* _Dataset excerpt_:
>>>>>
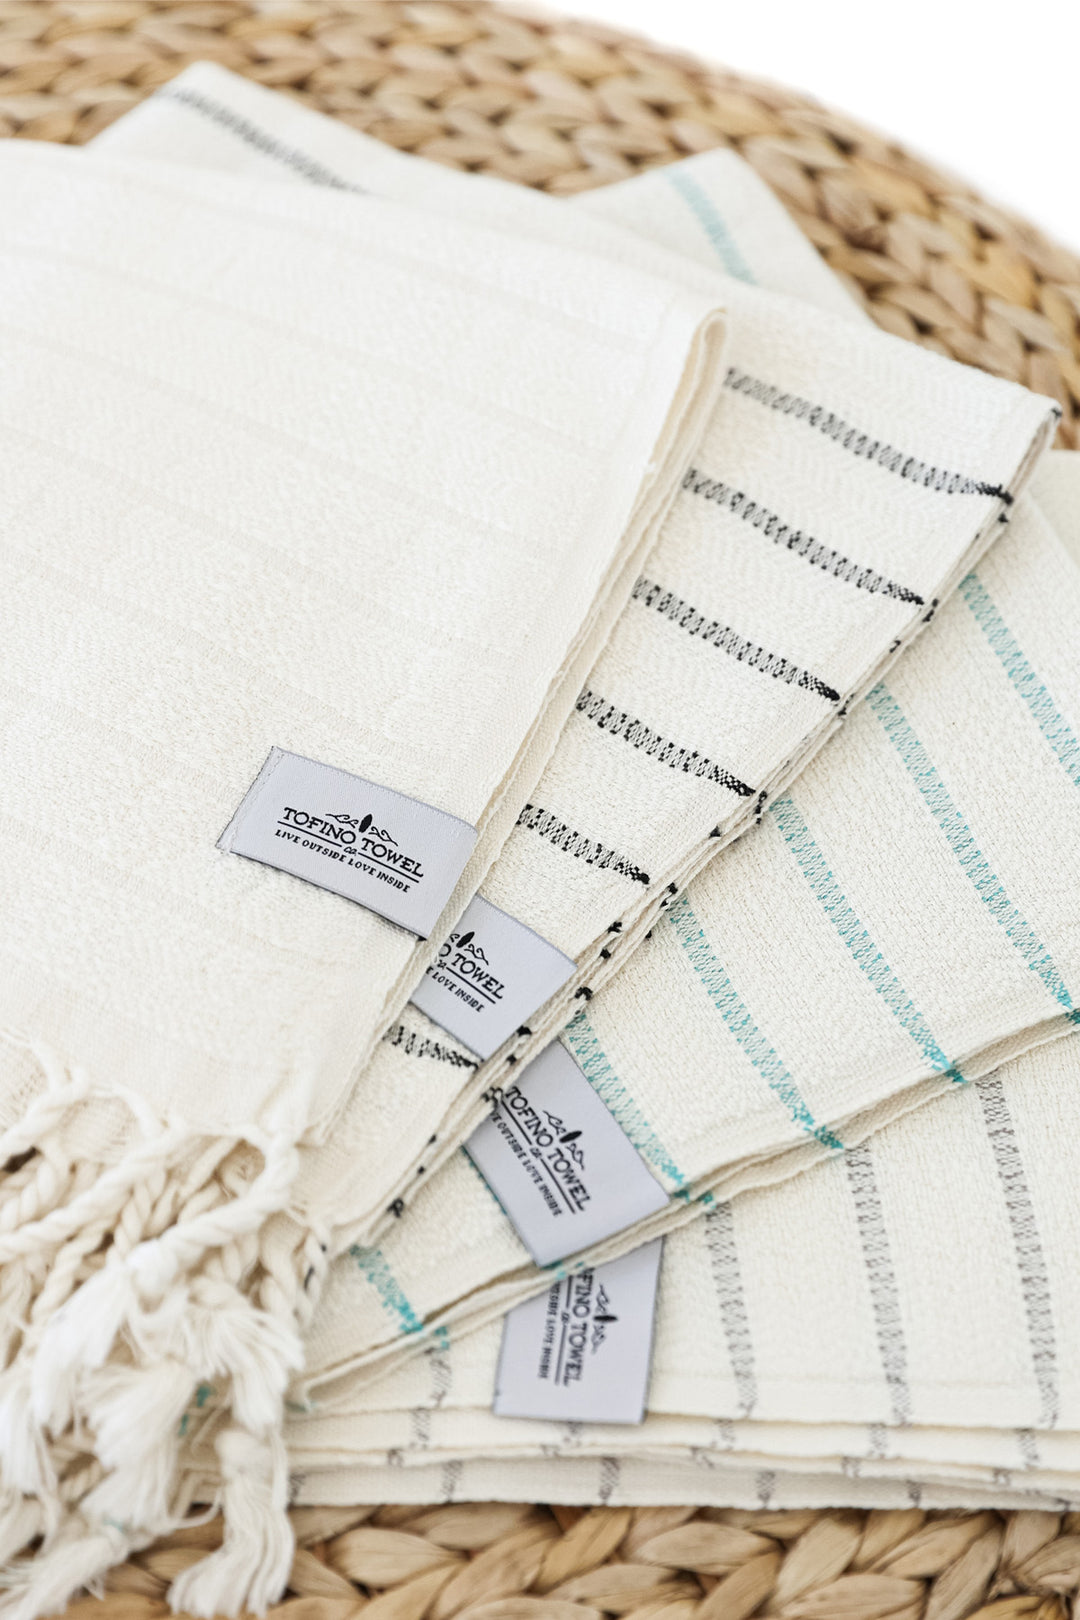 The Willowbrae Hand Towel Series
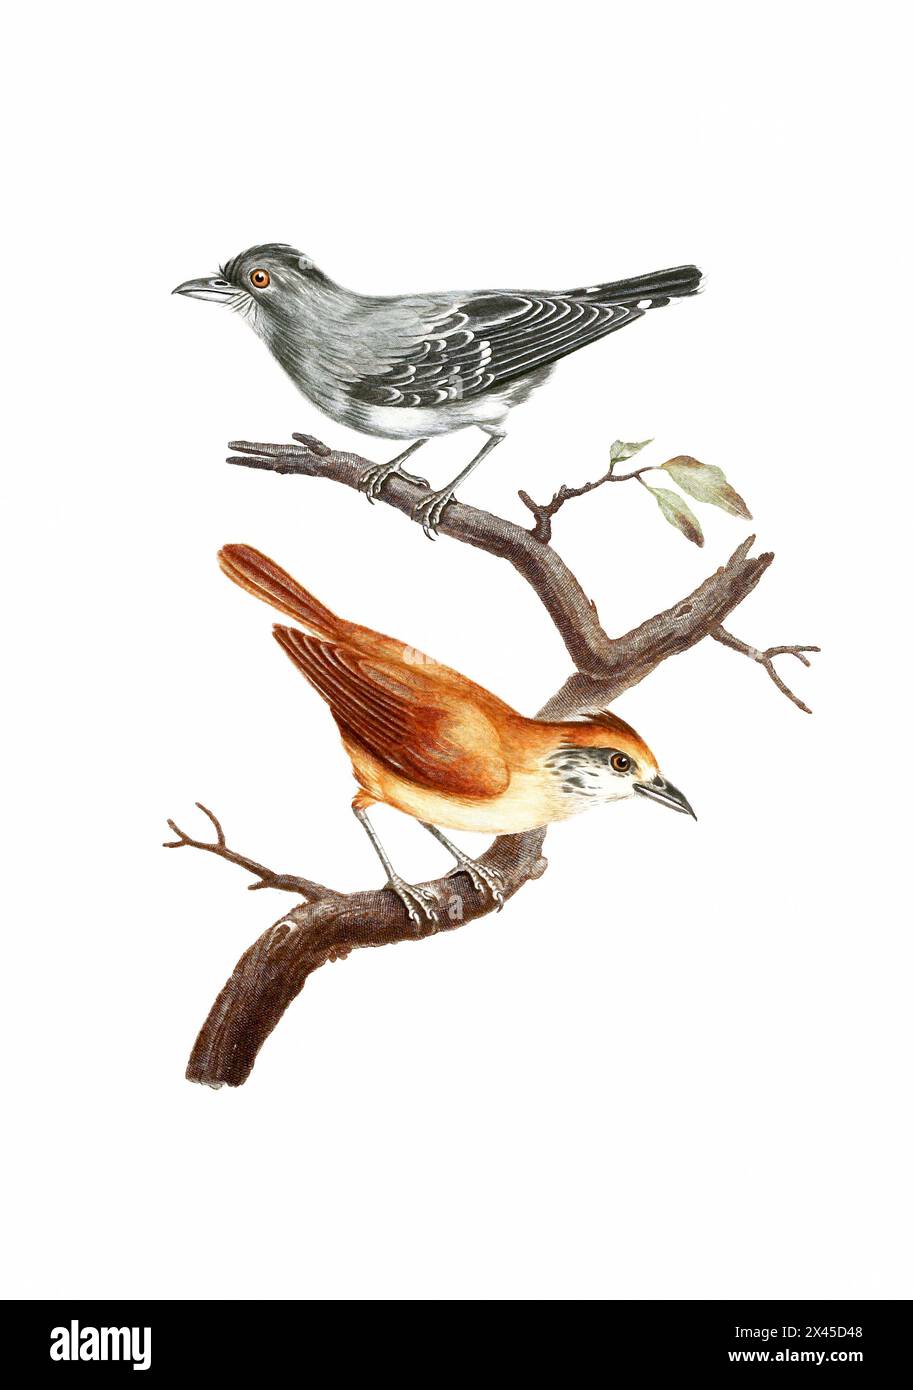 Song Birds. Vintage inspired bird art. Digital Watercolor painting on a soft textured white background. Stock Photo
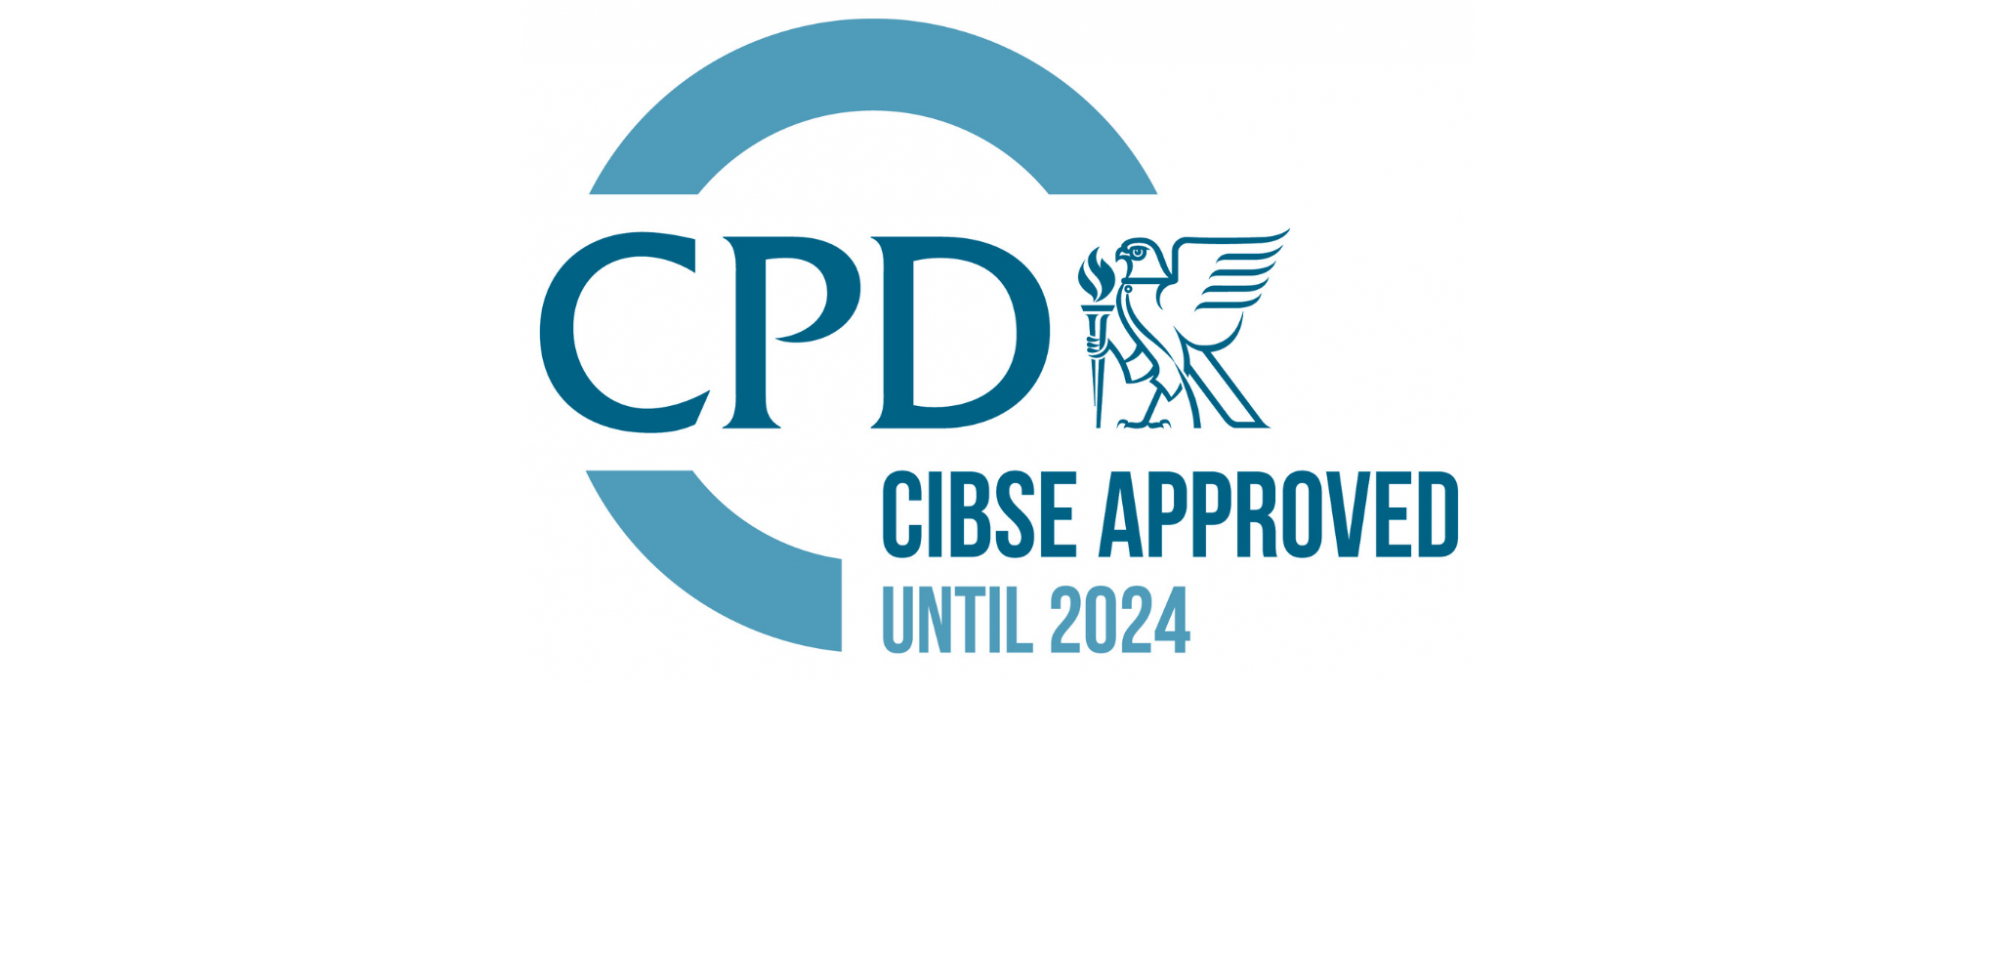 CPD/CIBSE
<<<<<
* _Requirement_: Skipping the images, write out the whole listing exactly.

* _Exercise response_:
 The Willowbrae Hand Towel Series
 Song Birds. Vintage inspired bird art. Digital Watercolor painting on a soft textured white background. Stock Photo
 CPD/CIBSE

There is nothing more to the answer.